La llama negra es una novela pasional, directa, brutal, tensada por los aires jondos que con excelsitud recrea Sally Avigdor engarzados en la montura sin par de las noches madrileñas y neoyorquinas. Es también Sally Avigdor dueña, y por mucho, de un estilo contundente evidenciado en esta primera novela donde los tiempos se cruzan; van, vienen, avanzan, retroceden y son atroces, felices y desdichados como solo la vida misma puede llegar a serlo en el preciso momento donde se trasciende la frontera que va de la fractura al deshielo, tal y como viaja esta obra en donde cada personaje juega con precisión un papel hilado finamente sobre la trama de esta narración escrita desde la entraña misma de la pasión y que sólo desde esa misma entraña ha de leerse.

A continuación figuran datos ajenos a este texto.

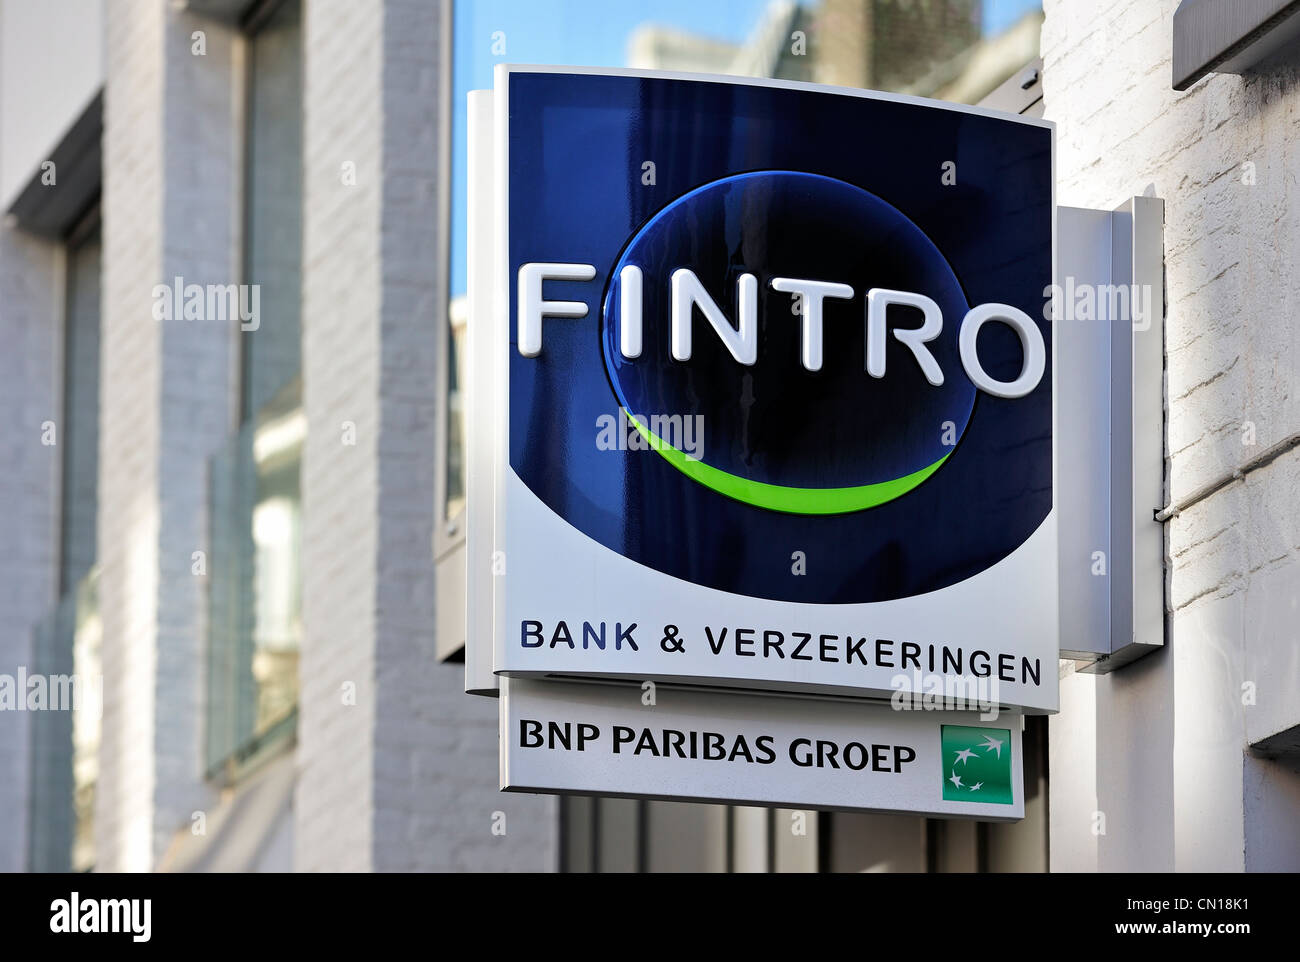 Signboard with logo of Fintro bank, Flanders, Belgium Stock Photo

No exagero si digo que en La llama negra Sally Avigdor nos ha dado no sólo a Tania, Carmen, el Negro, Diego, Prado, don Antonio o a Joaquín Jarana. También nos ha dado una muestra de cuán vital puede ser una novela y de cuán vital es el idioma; del enorme piélago que recubre al arte, de la viveza y la perdurabilidad de éste y que en el acto de escribir y leer todos los sentidos intervienen para demostrar una y otra vez, incansablemente, que sólo desde las entrañas de la pasión amalgamadas con el don y el oficio, es posible, vital y necesario, escribir y acometer la vida como Tania, como Carmen, como Diego Escobar y como Sally Avigdor cuando su llama escritural arde. “Y luego, como si todo ese fuego/le fuera insuficiente, lo recoge,/lo arroja al suelo y, altiva, lo mira:/la llama persiste, no cede, aún arde”. Sombra liberada “en los relojes solares” de estos días de otoño. (Sally Avigdor, La llama negra Ediciones Cal y Arena, México, 2015, 254 pp.).